At the recent Re:Invent conference, Amazon announced the launch of new EC2 instances for its AWS cloud services, namely C7gn, HPC7g and R7iz. R7iz uses Intel's latest fourth-generation Xeon Scalable processor Sapphire Rapids, while HPC7g is driven by the new processor Graviton3E. At the same time, AWS also announced the fifth-generation Nitro chip Nitro v5 and the second-generation reasoning chip AWS Inferentia 2 at this conference, of which Graviton3E and Nitro v5 are based on the Arm architecture.
Graviton3E with improved performance
In the field of HPC, the appearance rate of Arm is still relatively low. Except for top-level existences like Fuyue Supercomputing, we rarely see cloud service vendors building HPC computing clusters based on Arm chips. The emergence of Graviton can be said to have changed this. The C6gn instance launched by AWS in 2020 is based on its Graviton2 processor. Compared with the C5 instance based on the second-generation AMD EPYC processor, C6gn achieves 20% lower cost and 40% higher performance.
Performance improvement of Graviton3E under different loads / Amazon
According to the data given by Amazon, Graviton3E is further improved on the basis of Graviton3. Taking the benchmark HPL for testing floating-point performance as an example, Graviton3E improves the vector instruction processing performance by another 35%. Compared with the C6gn instance based on Graviton2, the HPC7g instance doubles the floating-point performance, and the performance is 20% higher than the HPC6a instance based on the 3rd generation AMD EPYC 7003 series 48-core processor. It is the most cost-effective HPC instance on AWS.
Today, Amazon has more than 100 different Graviton instances for users to choose flexibly. Moreover, it is not only elastic computing cloud services such as AWS EC2 that make Graviton fully effective, but also services such as Fargate that do not need to manage instances, which have also achieved considerable performance improvements.
However, for most cloud service vendors, many of the instances they first recommend are still based on x86, which makes people think deeply. Will there really be large companies that choose Arm server chips? Amazon gave an affirmative answer and also introduced Graviton's extremely fast popularity.
From the partners given by Amazon, we can see that Daewoo Infinity, Epic, Lyft, Zoom and other companies have chosen to build their products and services around the Graviton chip. For example, after the US TV streaming service DirectTV uses Graviton 3 instances, the cost has been reduced by 20%, and the delay has also been reduced by up to 50%. Not affected.

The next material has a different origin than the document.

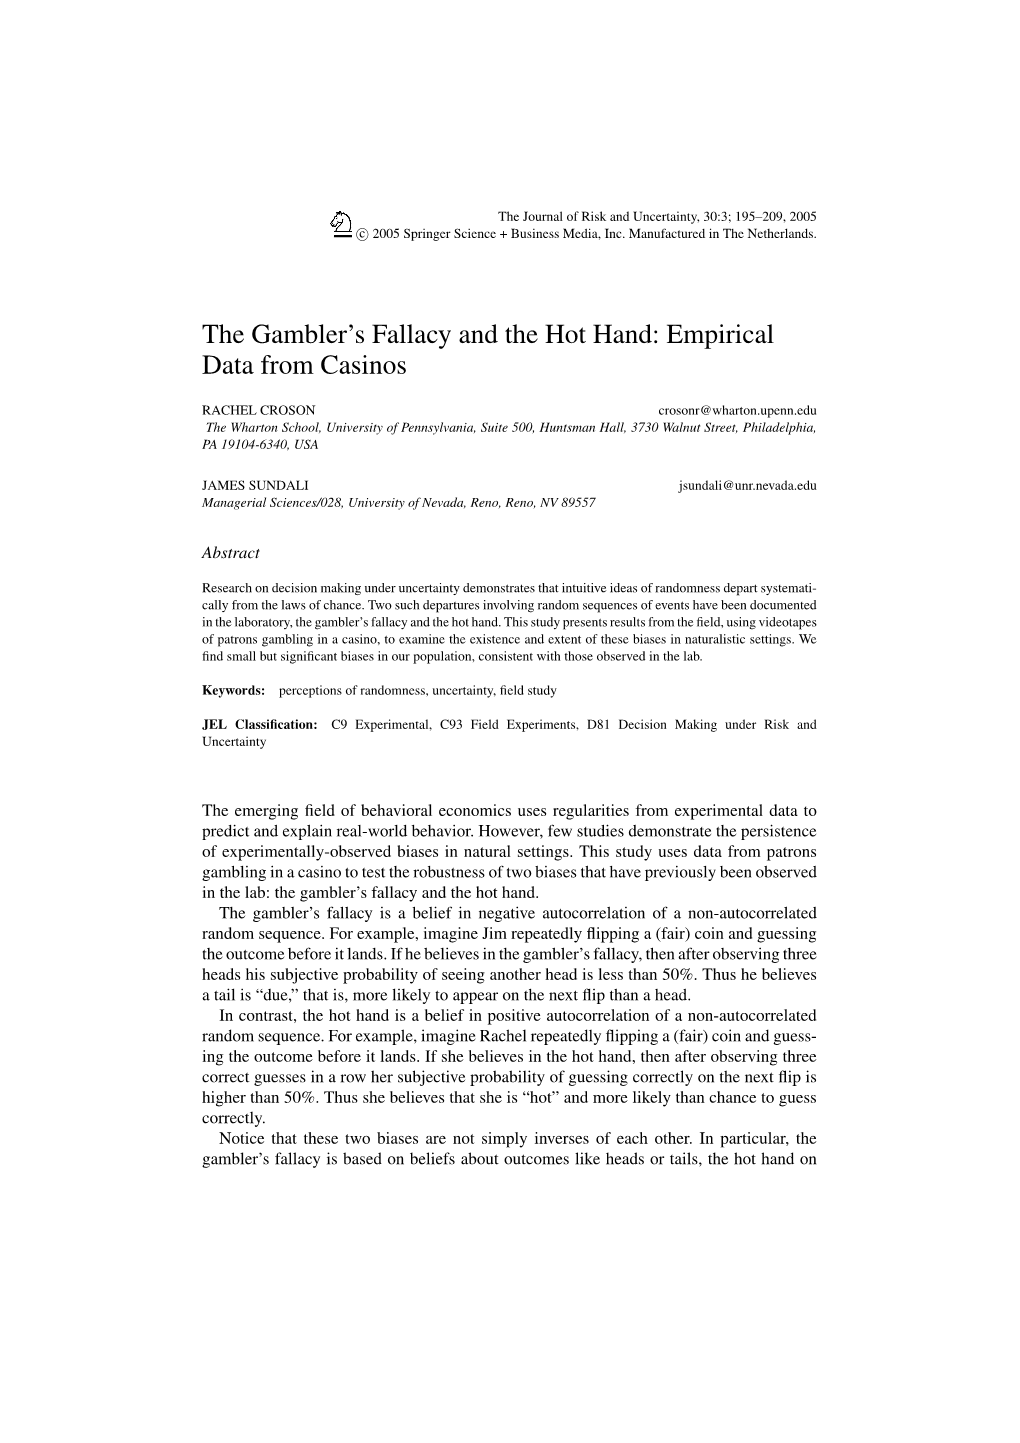 The Gambler's Fallacy and the Hot Hand: Empirical Data from Casinos

Nitro and Inferentia that exacerbate the involution of DPU and AI chips
For most ultra-large-scale data centers and cloud service vendors, their DPUs often come from third parties, such as Nvidia's BlueField, AMD's Pensando, etc., while Amazon's Annapurna Labs has become the behind-the-scenes hero of AWS DPU products Nitro.
Nitro v5 chip / Amazon
This time, the Nitro v5 designed by Annapurna Labs has achieved another leap in performance. According to the data shown by Amazon, Nitro v5 integrates twice the number of transistors compared with the previous generation, and nearly doubles the computing power. 50% of the DRAM speed, the PCIe bandwidth is also doubled. It can be seen from this that Nitro v5 should have chosen a more advanced process, and the DRAM and PCIe have also been replaced with the latest generation.
In actual tests, Nitro v5 can increase throughput by up to 60%, reduce latency by 30%, and improve energy efficiency by 40%. It is precisely because of such powerful performance that AWS chose to integrate it into C7gn and HPC7g instances to achieve 200Gbps ultra-high network performance together with Graviton3 and Graviton3E.
The emergence of large language models has pushed deep learning into the next stage, but the huge amount of parameters increases the computing power and cost required for inference. In 2019, the first generation of AWS's Inferentia chips appeared on Inf1 instances, providing users with options that are more cost-effective than GPU instances. However, most of the deep learning models at that time remained in the millions. Now some deep learning models The parameters of the model have exceeded tens of billions, such as Baidu's PLATO-XL dialogue generation model, Amazon's AlexaTM, etc.
To this end, Annapurna Labs has come up with a brand new Inferentia2 chip, which can support a large deep learning model with up to 175 billion parameters. The Inf2 instance based on the Inferentia2 chip also supports distributed reasoning for the first time, distributing large models to multiple chips for reasoning. Compared with the previous generation of Inf1 instances, Inf2 can provide up to 4 times the throughput and 1/10 the latency, and improves energy efficiency by as much as 50% compared with GPU instances.
Such a frequent chip release rhythm is enough to see that Amazon has reached a new height in self-developed server chips. I have to admit that it was a forward-looking strategic decision for Amazon to acquire Annapurna Labs as early as 2016. With the intensified competition among cloud service providers, owning self-developed and controllable server chips is undoubtedly the killer. Although manufacturers such as Google and Alibaba have also joined the ranks of self-developed server chips, compared with Amazon's AWS, there is still a gap in product lineup and deployment time.